I am

CarbonTiger

Registrant
I am a survivor of violence & childhood sexual abuse.

I am a survivor of rape.

I am a survivor of being drugged.


I am safe,
I am loved,
I am supported.

I recognize I am hurting.
I am strong.
These words help me believe in the truth.
It was never my fault.
I was a child.
I am in fact, a child.
I am an adult now.
I feel scared and afraid.

I can control my thoughts.
I can breathe these emotions through me.
I can get help if I need it.

I am strong,
I am vulnerable,
I am ok.
I am safe,
I feel loved,
I feel supported.

I can repeat these words as needed. I will be free of this pain someday. I will win because I have power and control over my own choices.

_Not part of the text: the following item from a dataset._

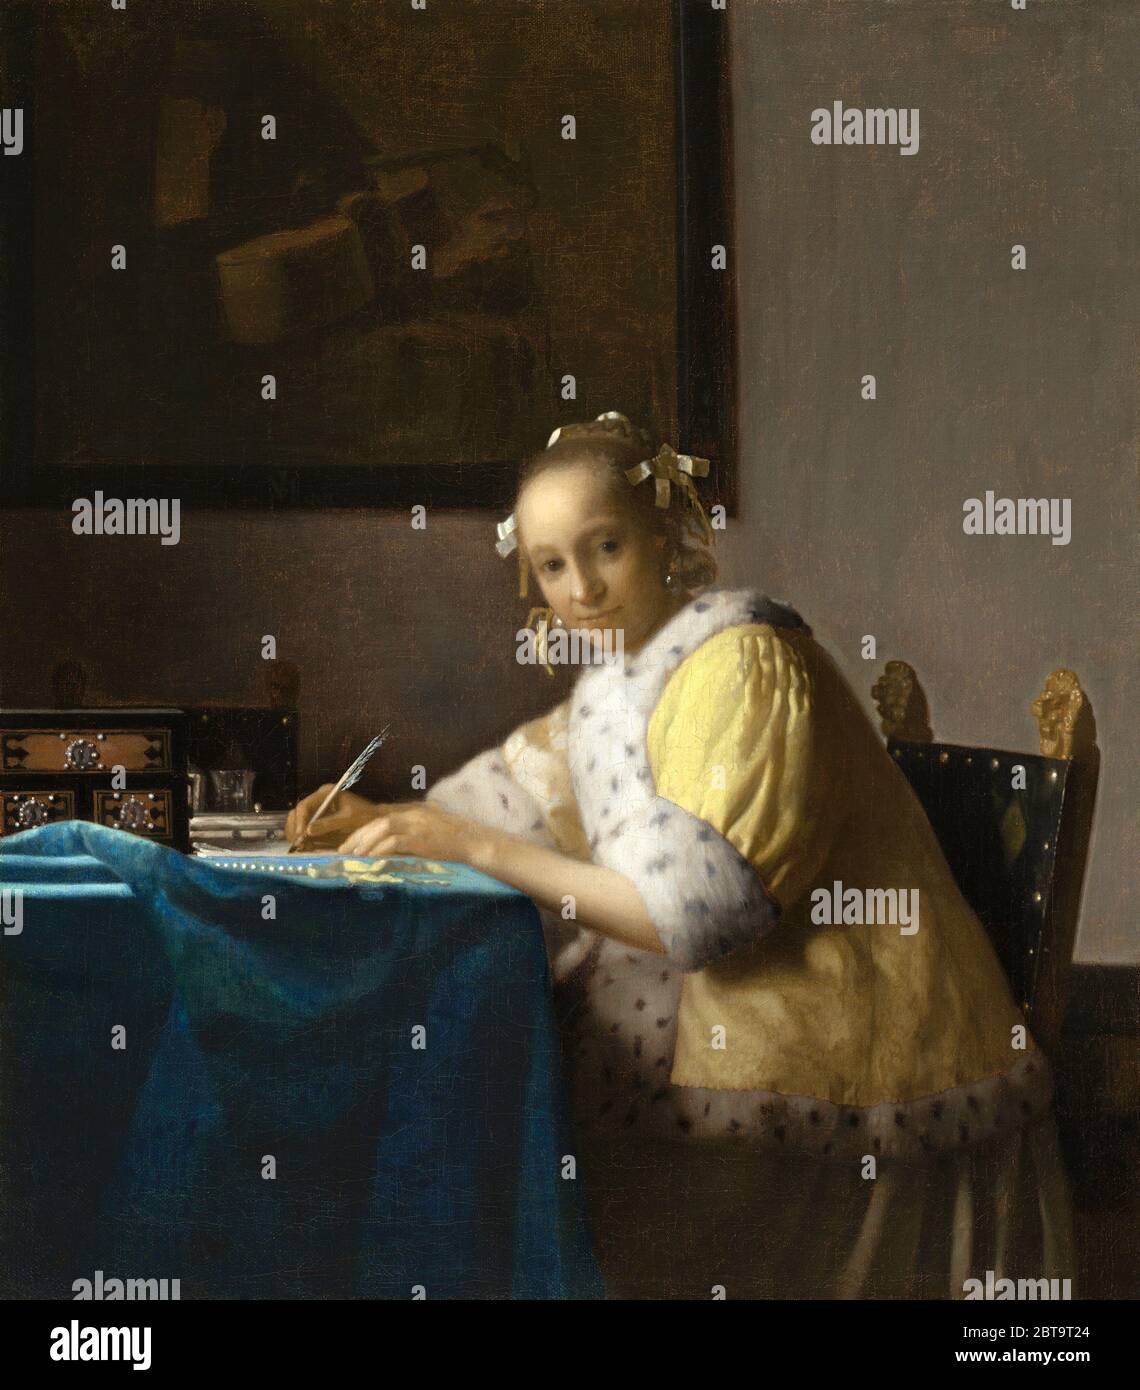 Johannes Vermeer (Dutch, 1632 - 1675), A Lady Writing, c. 1665, oil on canvas, Gift of Harry Waldron Havemeyer and Horace Havemeyer, Jr., in memory of Stock Photo

I am safe. I am loved. I am grateful.

peace within,
CT
 
I am strong,
I am vulnerable,
I am ok.
I am safe,
I feel loved,
I feel supported

Very important to know where you are on your healing journey. Thanks for sharing. I am glad those words help you to believe your truth.
 

Me Not Me

Registrant
Thank you for your heartfelt thoughts and words of healing. They reminded me of something I recently ran across from a survivor. She does a great job of trying to explain the experience of surviving childhood sexual abuse. I found it both inspirational and hopeful.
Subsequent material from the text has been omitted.